• **Exercise directions**:
Drop the images. Copy every line below character for character.
Data provided: Begin
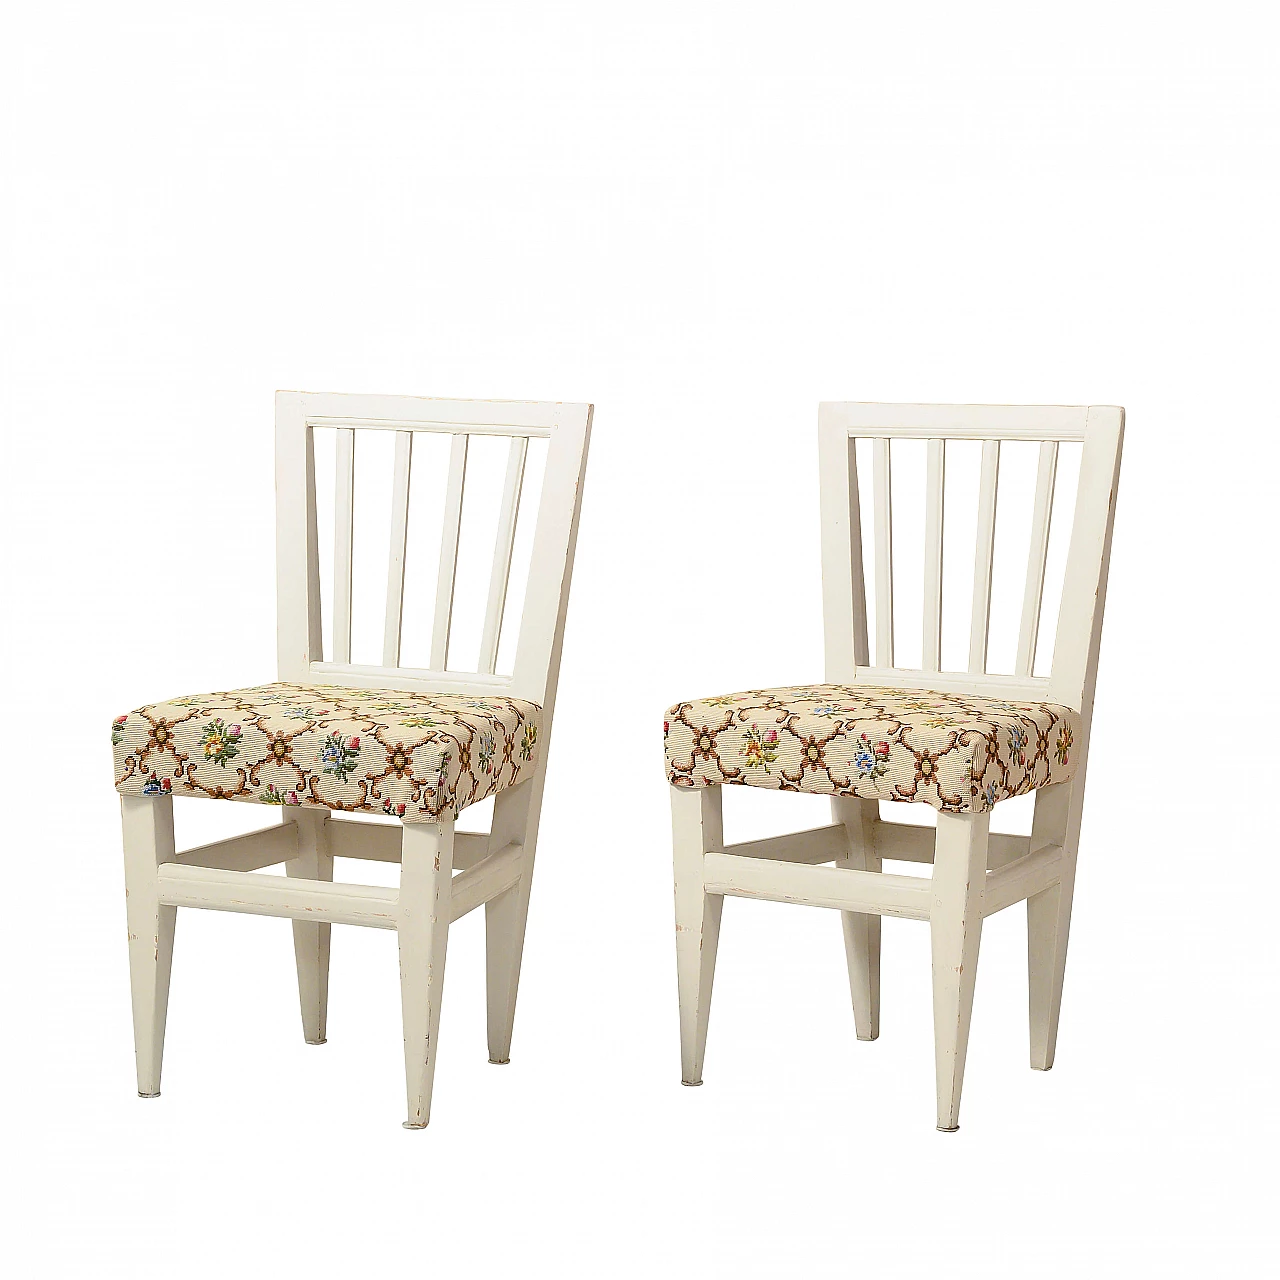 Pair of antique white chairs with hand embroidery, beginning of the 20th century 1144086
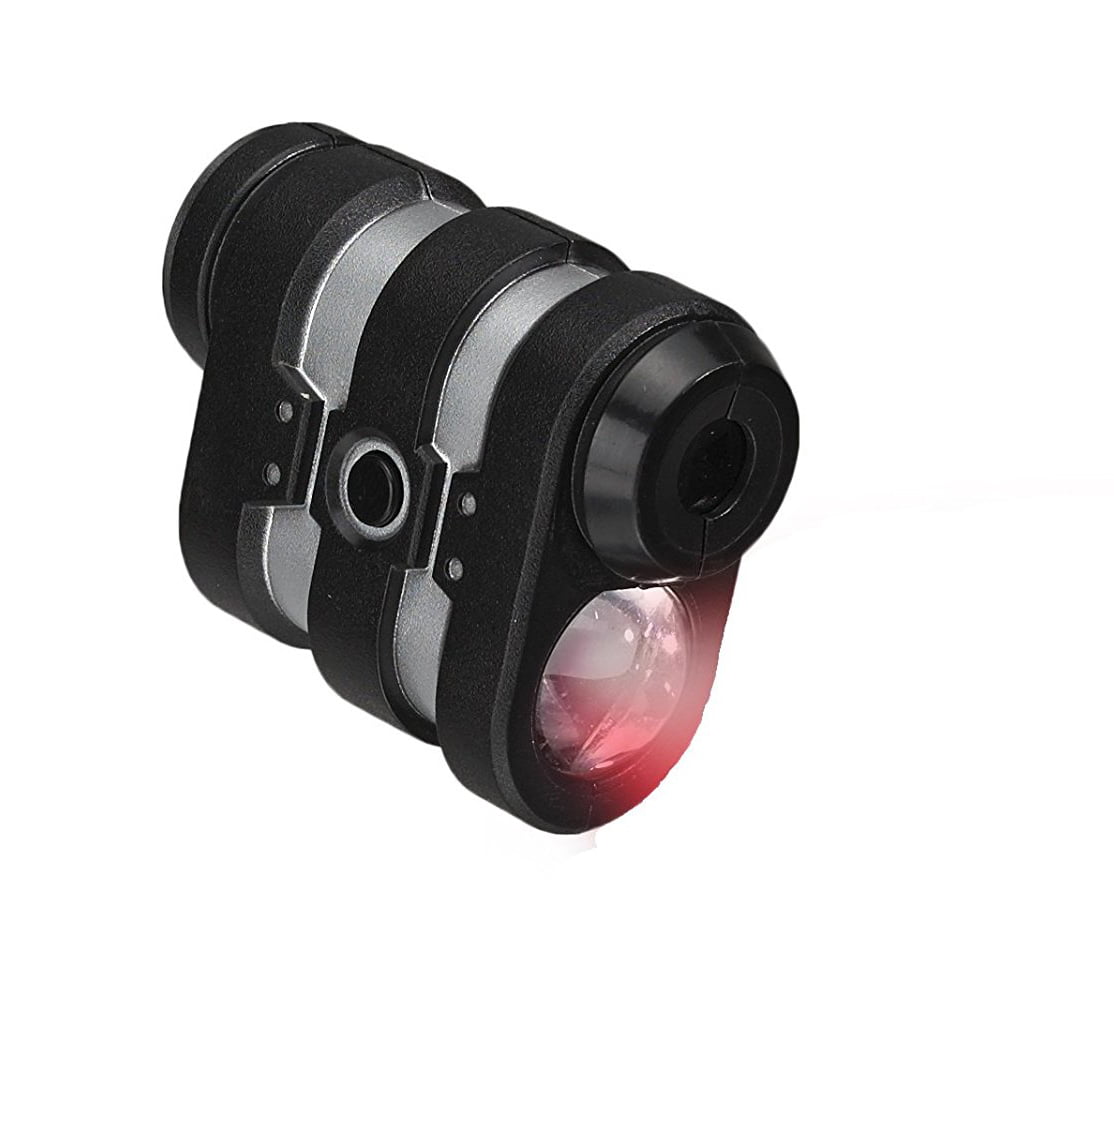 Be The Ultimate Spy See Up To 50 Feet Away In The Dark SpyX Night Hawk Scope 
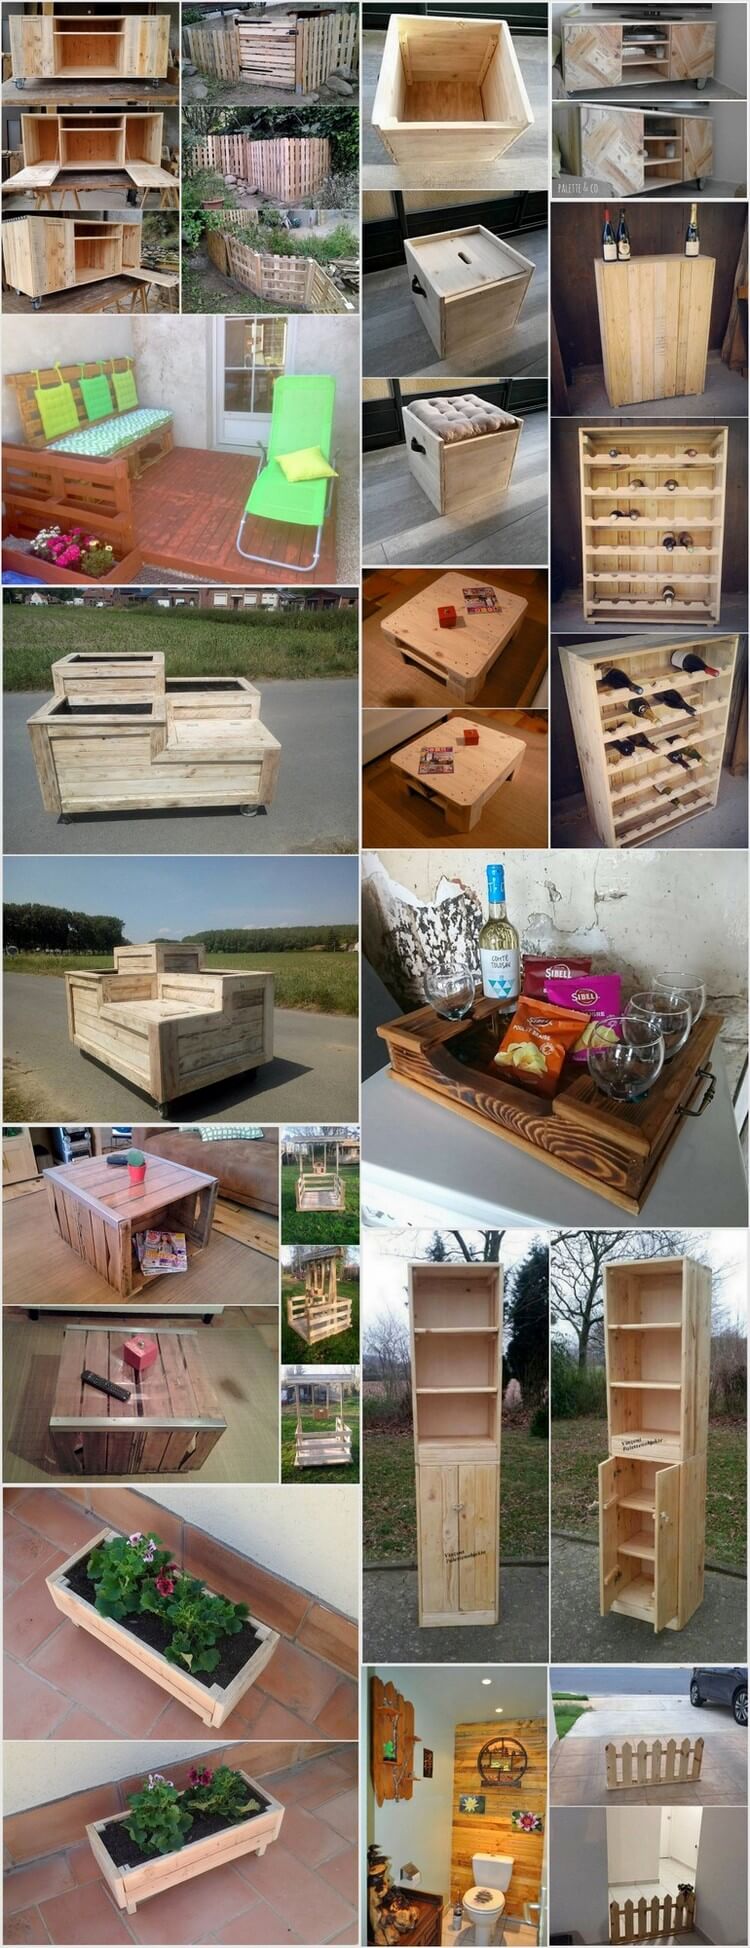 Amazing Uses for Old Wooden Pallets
Data provided: End
• **Written solution**:
 Pair of antique white chairs with hand embroidery, beginning of the 20th century 1144086
 Be The Ultimate Spy See Up To 50 Feet Away In The Dark SpyX Night Hawk Scope 
 Amazing Uses for Old Wooden Pallets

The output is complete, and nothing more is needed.